R^2 for Ridge Regression w/ tuning parameter of 100: 0.11866916175527809


array([-0.        ,  0.        , -0.        ,  0.        , -0.        ,
        0.        , -0.        ,  0.        , -0.        , -0.02291247,
       -0.        ,  0.00482211, -0.        ])

In [8]:
#C
LassoModel2 = Lasso(alpha = 0.001).fit(X_train,Y_train)
R2_3 = r2_score(Y_test,LassoModel2.predict(X_test))
print('R^2 for Ridge Regression w/ tuning parameter of 0.001:', R2_3)

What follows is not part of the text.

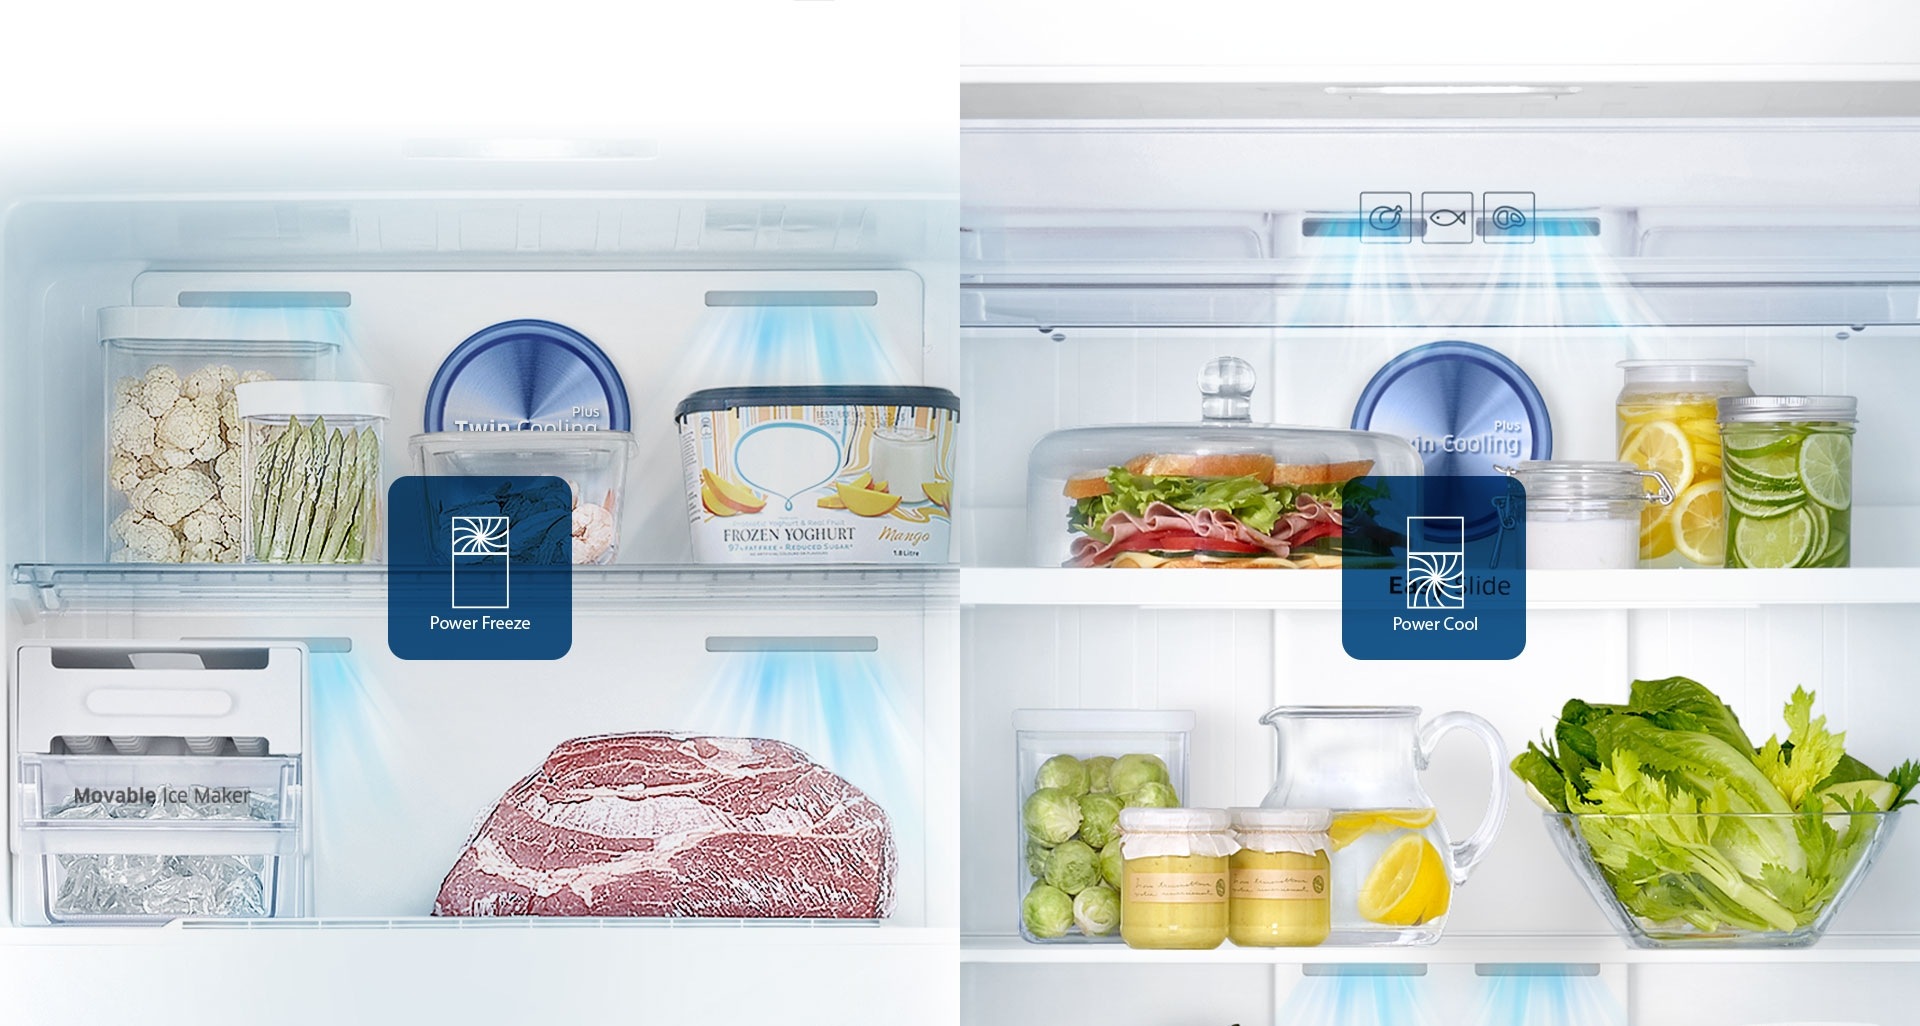 Refrigeradora Samsung Top Freezer - Hace hielo y enfría bebidas

R^2 for Ridge Regression w/ tuning parameter of 0.001: 0.6350353125168686


### D) Comment on your result. In this problem, do all feature seem important in making predictions?


All features are important in terms of making prediction. In (B) we could see R_2 value drops dramatically as we forced all parameters, beta's, to be zero as implementing a large tuning parameter. Once we chose a smaller tuning parameter in (C), all features are took in account and R_2 suddenly improved.